Signed-off-by: Sergey Senozhatsky <[email protected]>
---
arch/arm64/include/asm/spinlock.h | 17 ++++++++++-------
1 file changed, 10 insertions(+), 7 deletions(-)

diff --git a/arch/arm64/include/asm/spinlock.h b/arch/arm64/include/asm/spinlock.h
index 9083d6992603..6a390eeabe82 100644
--- a/arch/arm64/include/asm/spinlock.h
+++ b/arch/arm64/include/asm/spinlock.h
@@ -11,17 +11,20 @@
/* See include/linux/spinlock.h */
#define smp_mb__after_spinlock() smp_mb()

-/*
- * Changing this will break osq_lock() thanks to the call inside
- * smp_cond_load_relaxed().
- *
- * See:
- * https://lore.kernel.org/lkml/[email protected]
- */
#define vcpu_is_preempted vcpu_is_preempted
+
+#ifdef CONFIG_PARAVIRT
+extern bool paravirt_vcpu_is_preempted(int cpu);
+
+static inline bool vcpu_is_preempted(int cpu)
+{
+ return paravirt_vcpu_is_preempted(cpu);
+}
+#else
static inline bool vcpu_is_preempted(int cpu)
{
return false;
}
+#endif /* CONFIG_PARAVIRT */

#endif /* __ASM_SPINLOCK_H */
--
2.27.0

2020-08-17 02:05:34

by Sergey Senozhatsky

[permalink] [raw]
Subject: Re: [RFC][PATCH 0/4] arm64:kvm: teach guest sched that VCPUs can be preempted

On (20/07/21 13:17), Sergey Senozhatsky wrote:
> Hello,
>
> RFC
>
> We noticed that in a number of cases when we wake_up_process()
> on arm64 guest we end up enqueuing that task on a preempted VCPU. The culprit
> appears to be the fact that arm64 guests are not aware of VCPU preemption
> as such, so when sched picks up an idle VCPU it always assumes that VCPU
> is available:
>
> wake_up_process()
> try_to_wake_up()
> select_task_rq_fair()
> available_idle_cpu()
> vcpu_is_preempted() // return false;
>
> Which is, obviously, not the case.
>
> This RFC patch set adds a simple vcpu_is_preempted() implementation so
> that scheduler can make better decisions when it search for the idle
> (v)CPU.

Hi,

A gentle ping.

-ss

2020-08-17 12:07:12

by yezengruan

[permalink] [raw]
Subject: Re: [RFC][PATCH 0/4] arm64:kvm: teach guest sched that VCPUs can be preempted

On 2020/8/17 10:03, Sergey Senozhatsky wrote:
> On (20/07/21 13:17), Sergey Senozhatsky wrote:
>> Hello,
>>
>> RFC
>>
>> We noticed that in a number of cases when we wake_up_process()
>> on arm64 guest we end up enqueuing that task on a preempted VCPU. The culprit
>> appears to be the fact that arm64 guests are not aware of VCPU preemption
>> as such, so when sched picks up an idle VCPU it always assumes that VCPU
>> is available:
>>
>> wake_up_process()
>> try_to_wake_up()
>> select_task_rq_fair()
>> available_idle_cpu()
>> vcpu_is_preempted() // return false;
>>
>> Which is, obviously, not the case.
>>
>> This RFC patch set adds a simple vcpu_is_preempted() implementation so
>> that scheduler can make better decisions when it search for the idle
>> (v)CPU.
> Hi,
>
> A gentle ping.
>
> -ss
> _______________________________________________
> kvmarm mailing list
> [email protected]
> https://lists.cs.columbia.edu/mailman/listinfo/kvmarm
> .

Hi Sergey,

I have a set of patches similar to yours.
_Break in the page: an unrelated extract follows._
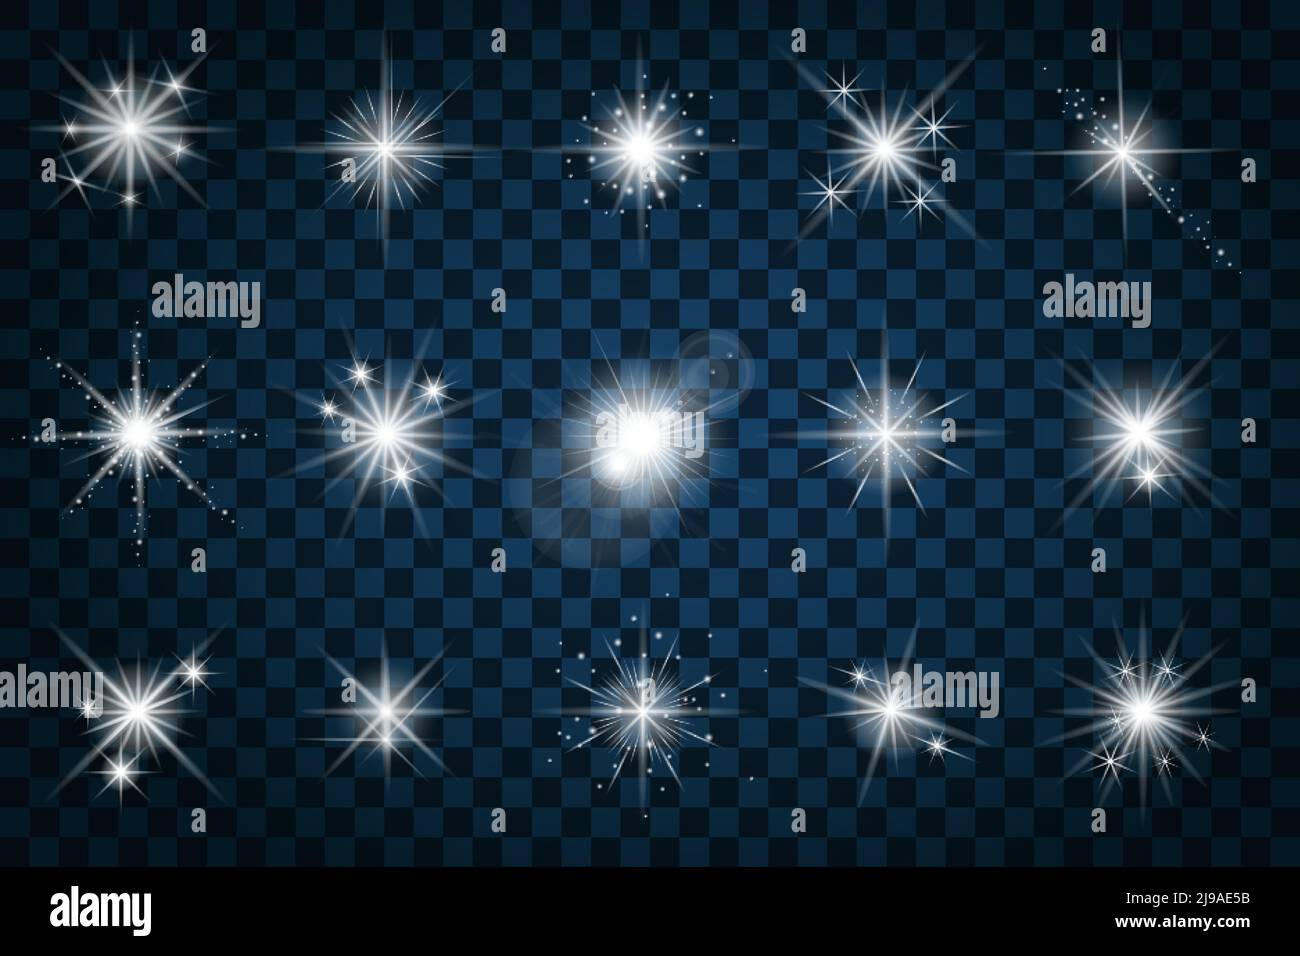 Scintillation light stock photography and images - Alamy

https://lore.kernel.org/lkml/[email protected]/

2020-08-17 12:29:14

by Marc Zyngier

[permalink] [raw]
Subject: Re: [RFC][PATCH 0/4] arm64:kvm: teach guest sched that VCPUs can be preempted

On 2020-08-17 13:03, yezengruan wrote:
> On 2020/8/17 10:03, Sergey Senozhatsky wrote:
>> On (20/07/21 13:17), Sergey Senozhatsky wrote:
>>> Hello,
>>>
>>> RFC
>>>
>>> We noticed that in a number of cases when we wake_up_process()
>>> on arm64 guest we end up enqueuing that task on a preempted VCPU. The
>>> culprit
>>> appears to be the fact that arm64 guests are not aware of VCPU
>>> preemption
>>> as such, so when sched picks up an idle VCPU it always assumes that
>>> VCPU
>>> is available:
>>>
>>> wake_up_process()
>>> try_to_wake_up()
>>> select_task_rq_fair()
>>> available_idle_cpu()
>>> vcpu_is_preempted() // return false;
>>>
>>> Which is, obviously, not the case.
>>>
>>> This RFC patch set adds a simple vcpu_is_preempted() implementation
>>> so
>>> that scheduler can make better decisions when it search for the idle
>>> (v)CPU.
>> Hi,
>>
>> A gentle ping.
>>
>> -ss
>> _______________________________________________
>> kvmarm mailing list
>> [email protected]
>> https://lists.cs.columbia.edu/mailman/listinfo/kvmarm
>> .
>
> Hi Sergey,
>
> I have a set of patches similar to yours.
>
> https://lore.kernel.org/lkml/[email protected]/

It really isn't the same thing at all. You are exposing PV spinlocks,
while Sergey exposes preemption to vcpus. The former is a massive,
and probably unnecessary superset of the later, which only impacts
the scheduler (it doesn't change the way locks are implemented).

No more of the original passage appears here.